§ **TASK REQUIREMENTS**
Return the listing that follows exactly, with no pictures included.

(Beginning of DATASET EXCERPT)

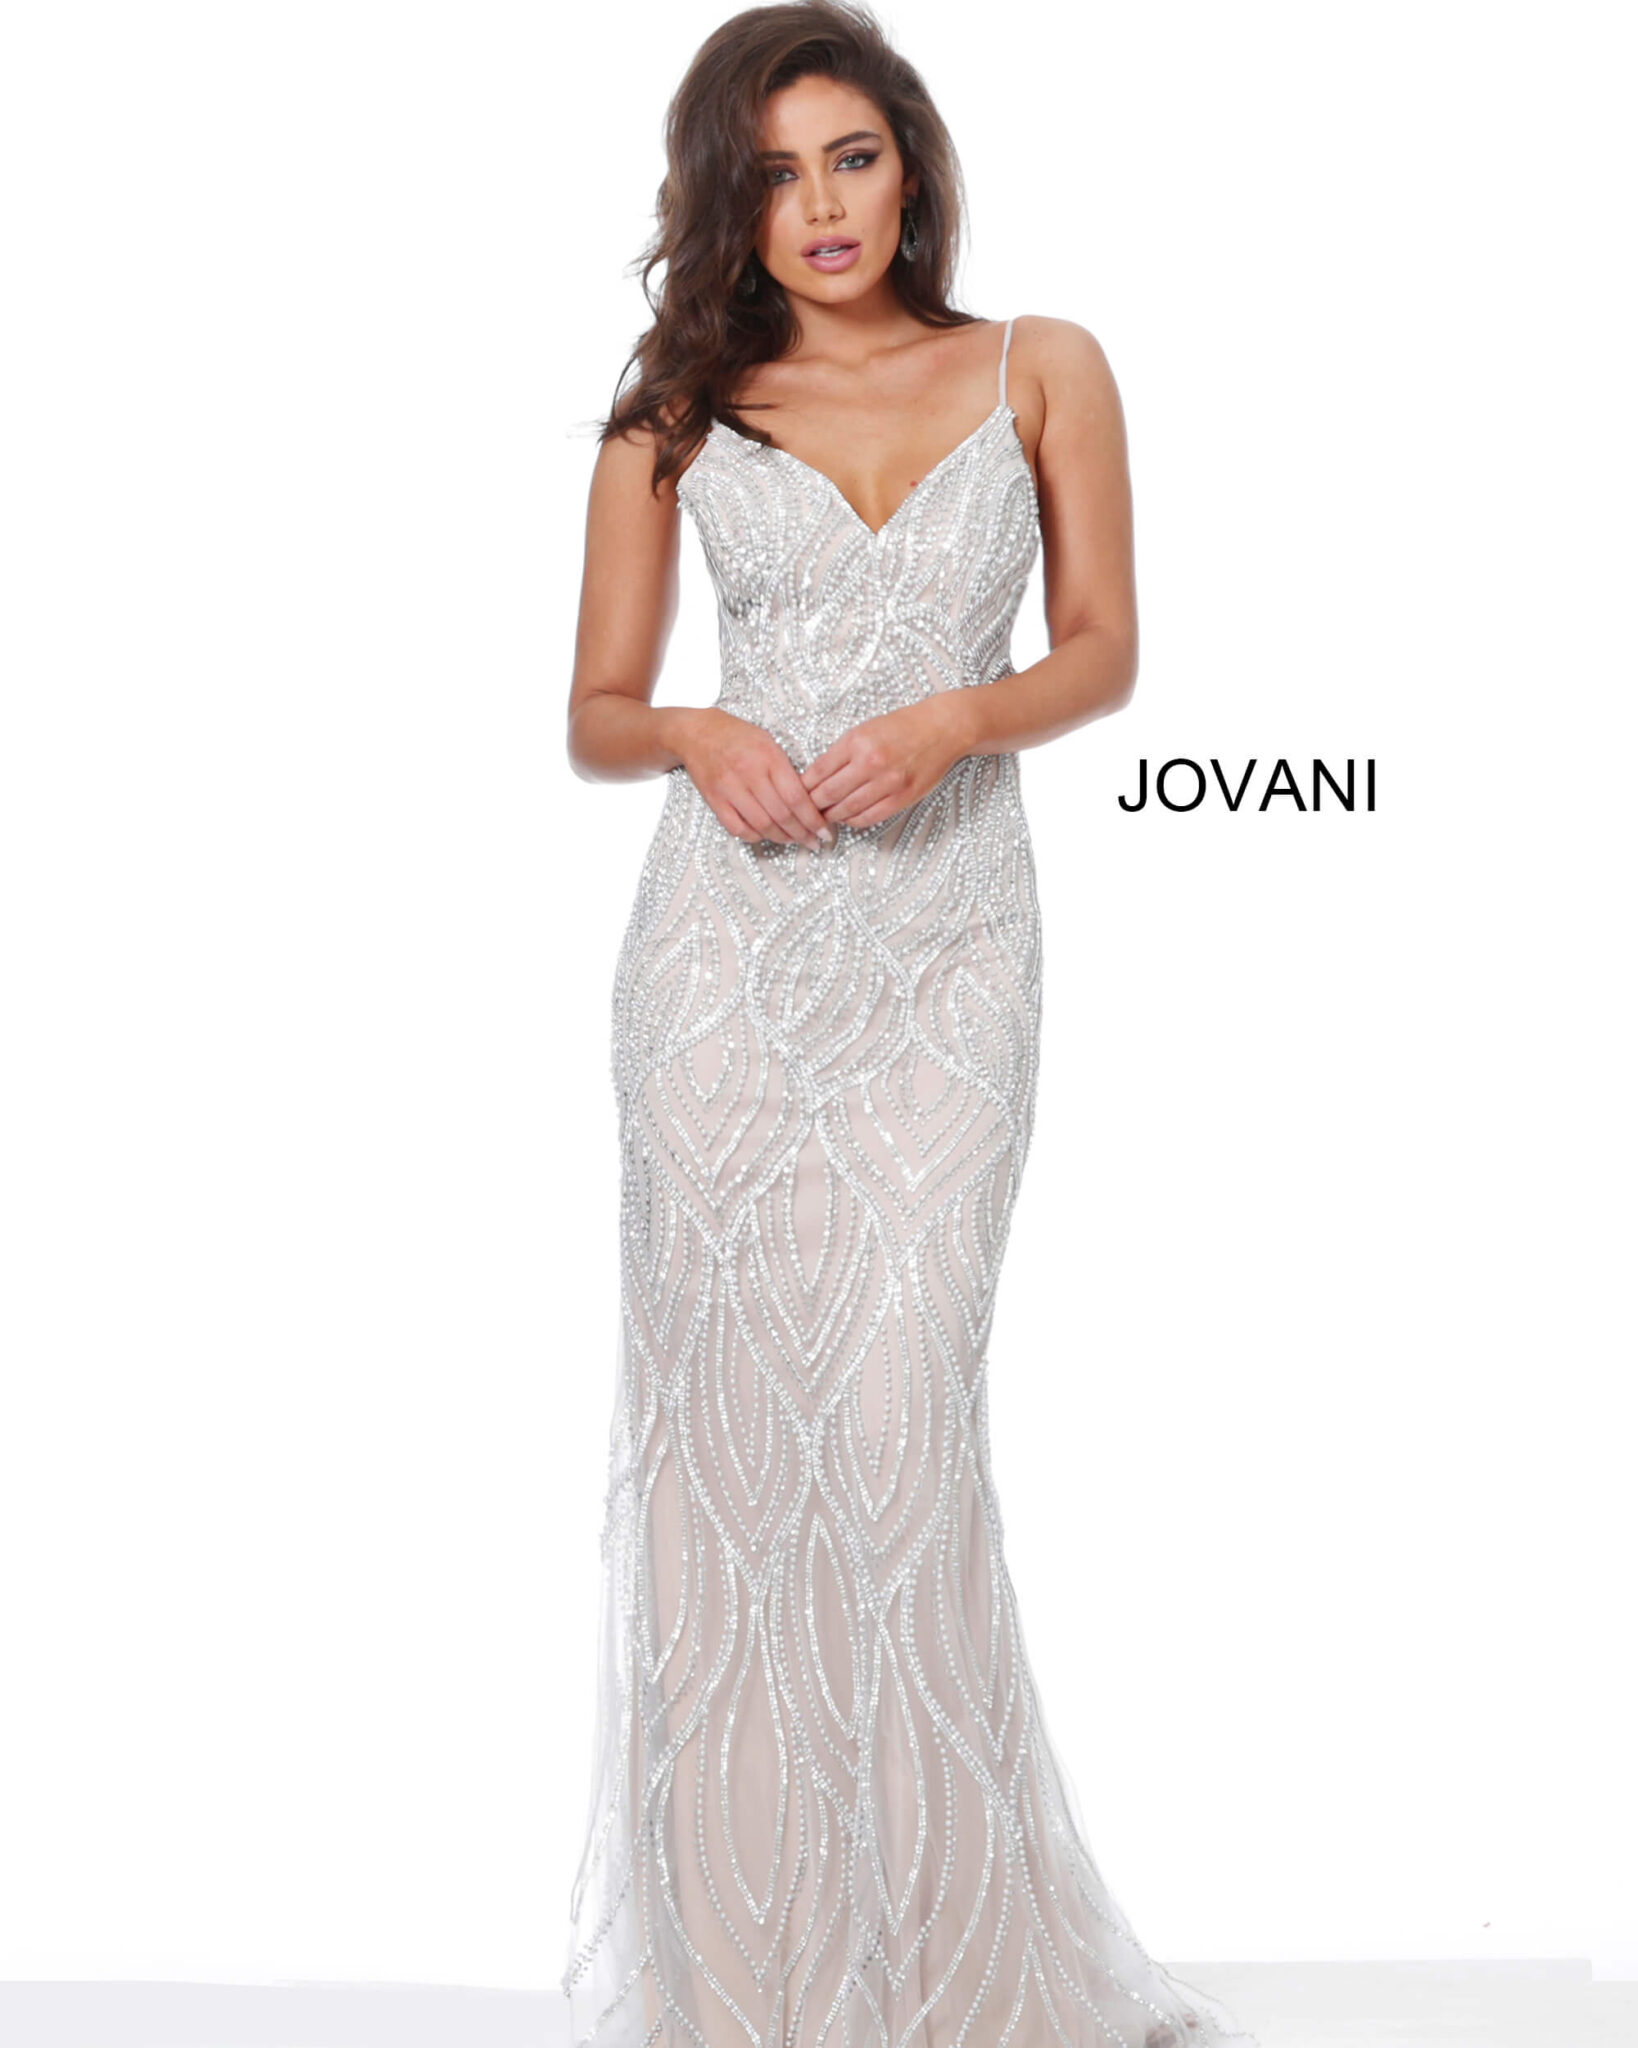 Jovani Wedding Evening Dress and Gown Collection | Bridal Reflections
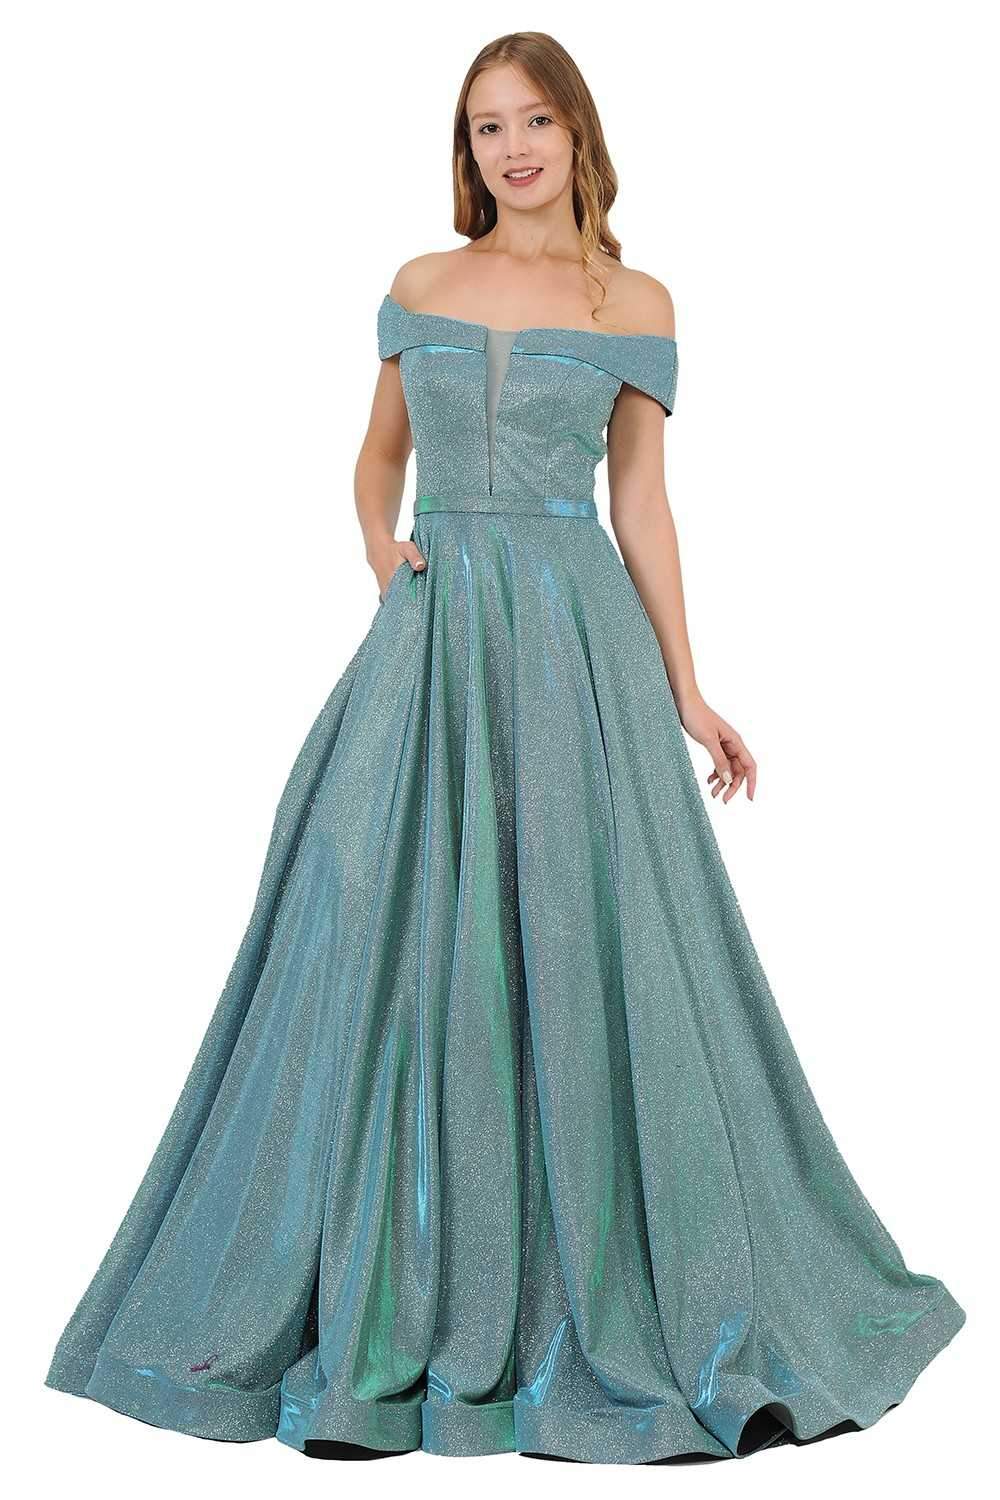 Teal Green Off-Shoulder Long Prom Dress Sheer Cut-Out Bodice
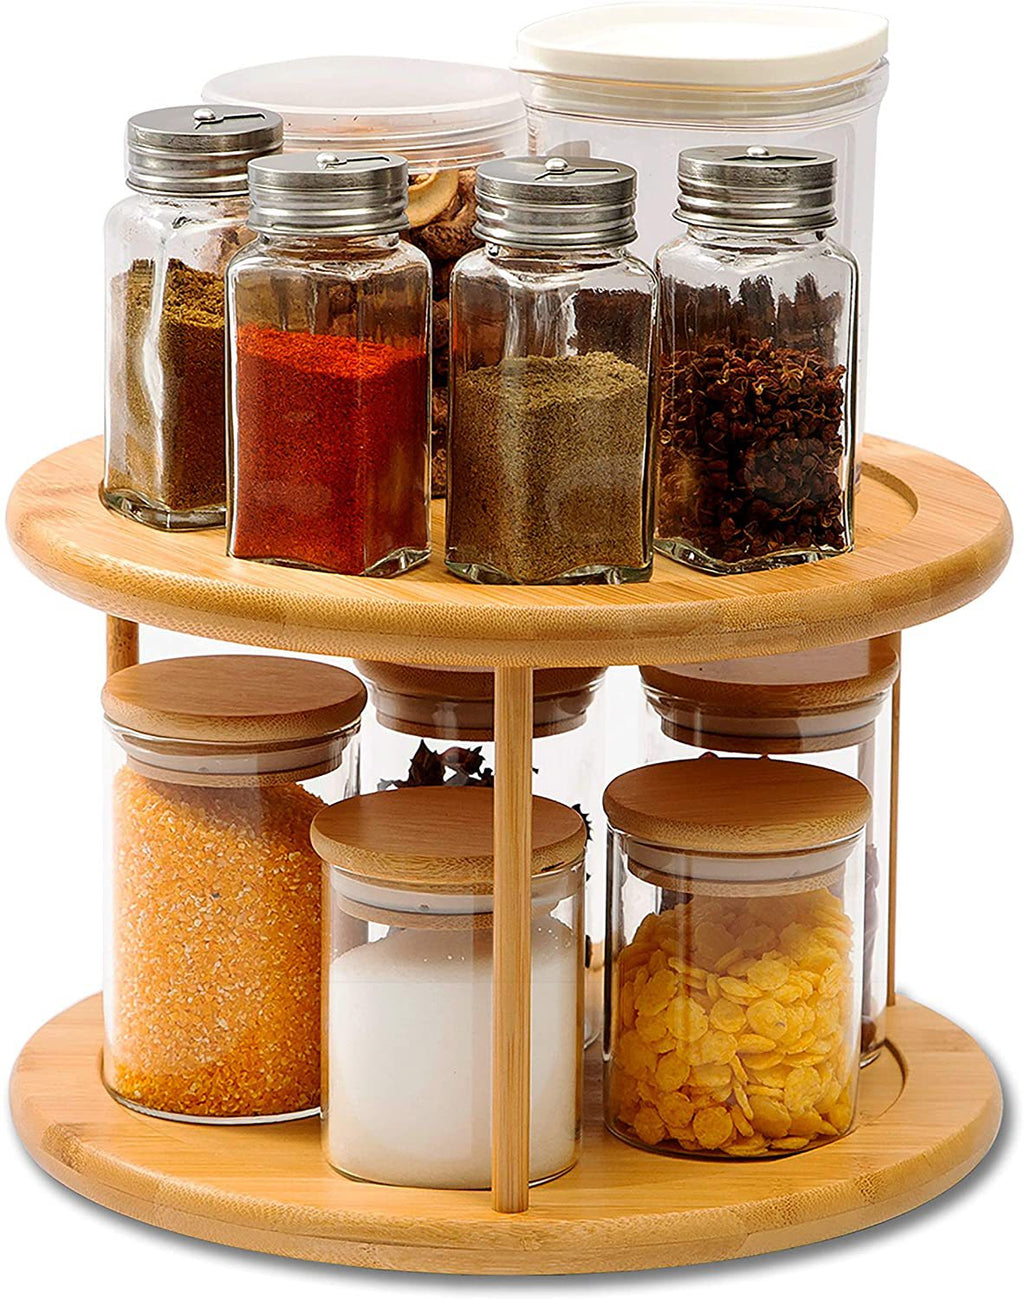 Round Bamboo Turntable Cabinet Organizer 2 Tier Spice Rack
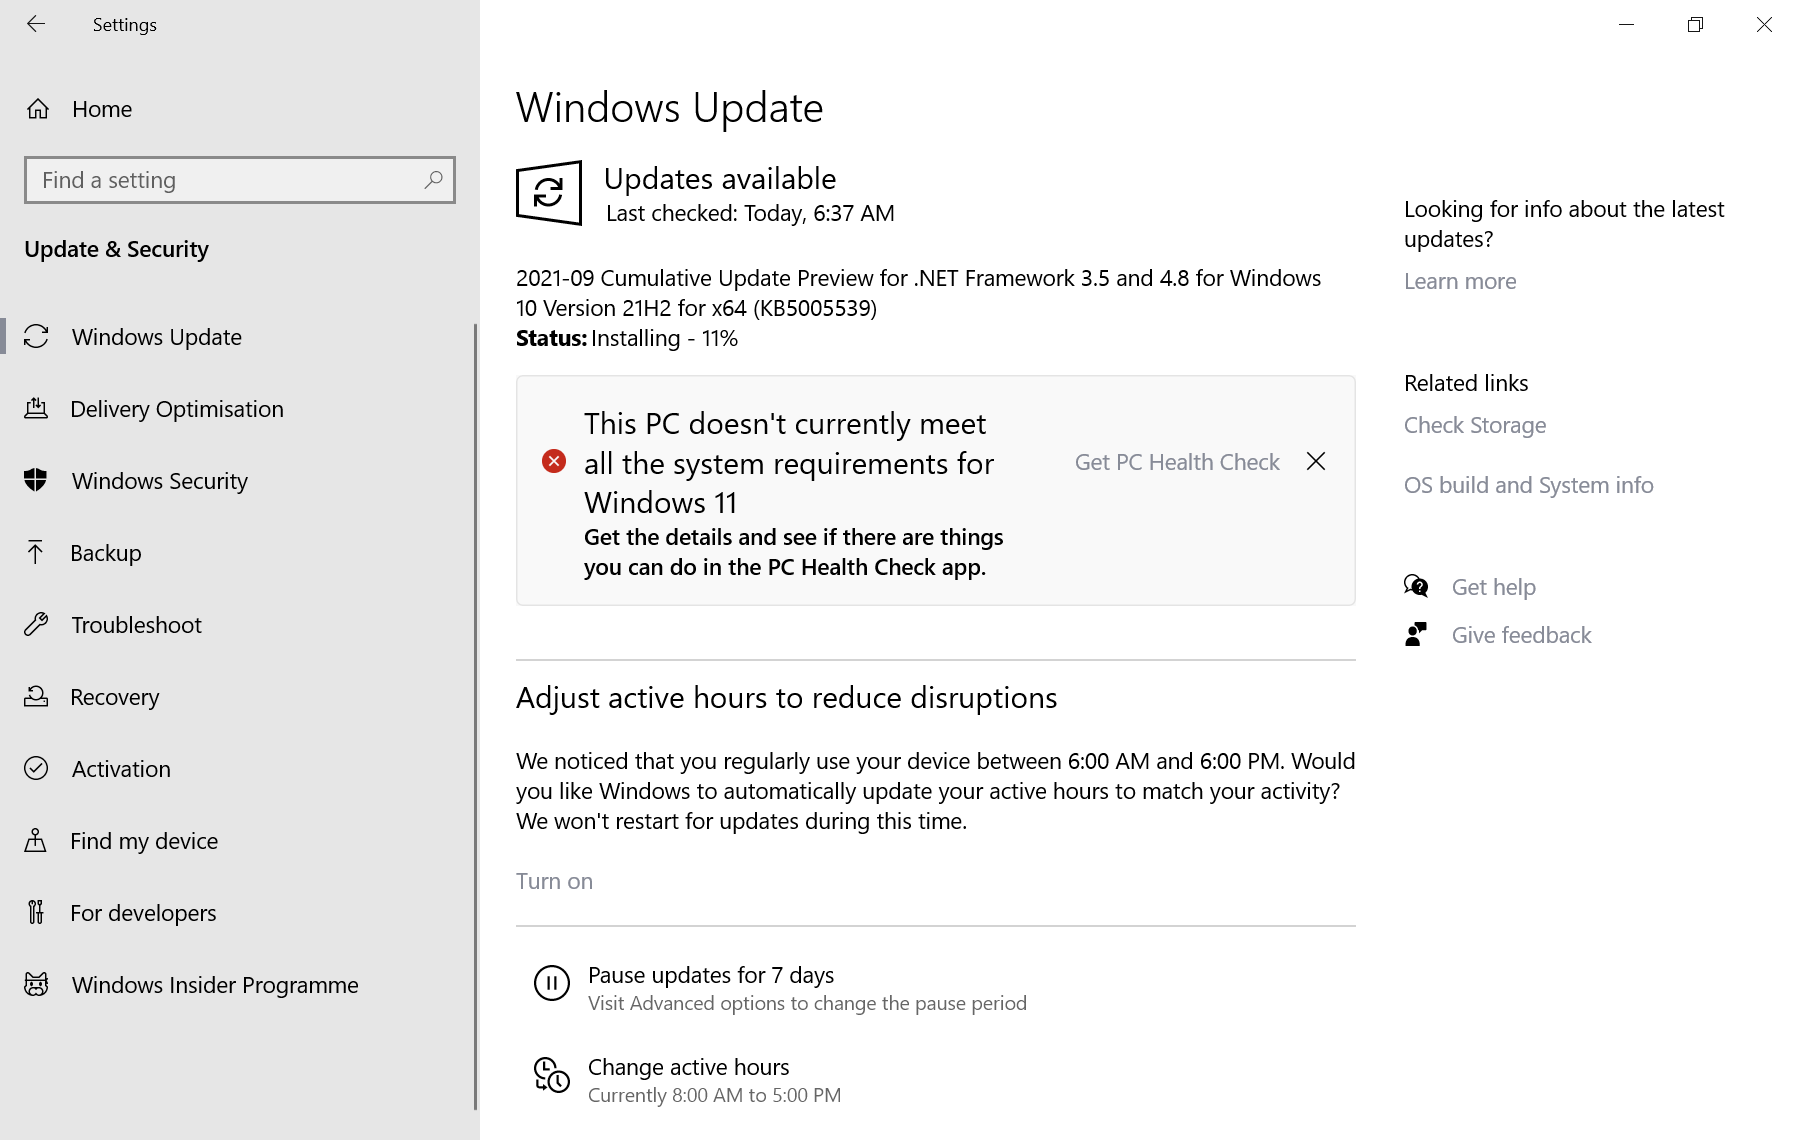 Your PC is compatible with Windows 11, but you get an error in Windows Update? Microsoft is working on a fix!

(End of DATASET EXCERPT)

§ **RESPONSE TO THIS TASK**
 Jovani Wedding Evening Dress and Gown Collection | Bridal Reflections
 Teal Green Off-Shoulder Long Prom Dress Sheer Cut-Out Bodice
 Round Bamboo Turntable Cabinet Organizer 2 Tier Spice Rack
 Your PC is compatible with Windows 11, but you get an error in Windows Update? Microsoft is working on a fix!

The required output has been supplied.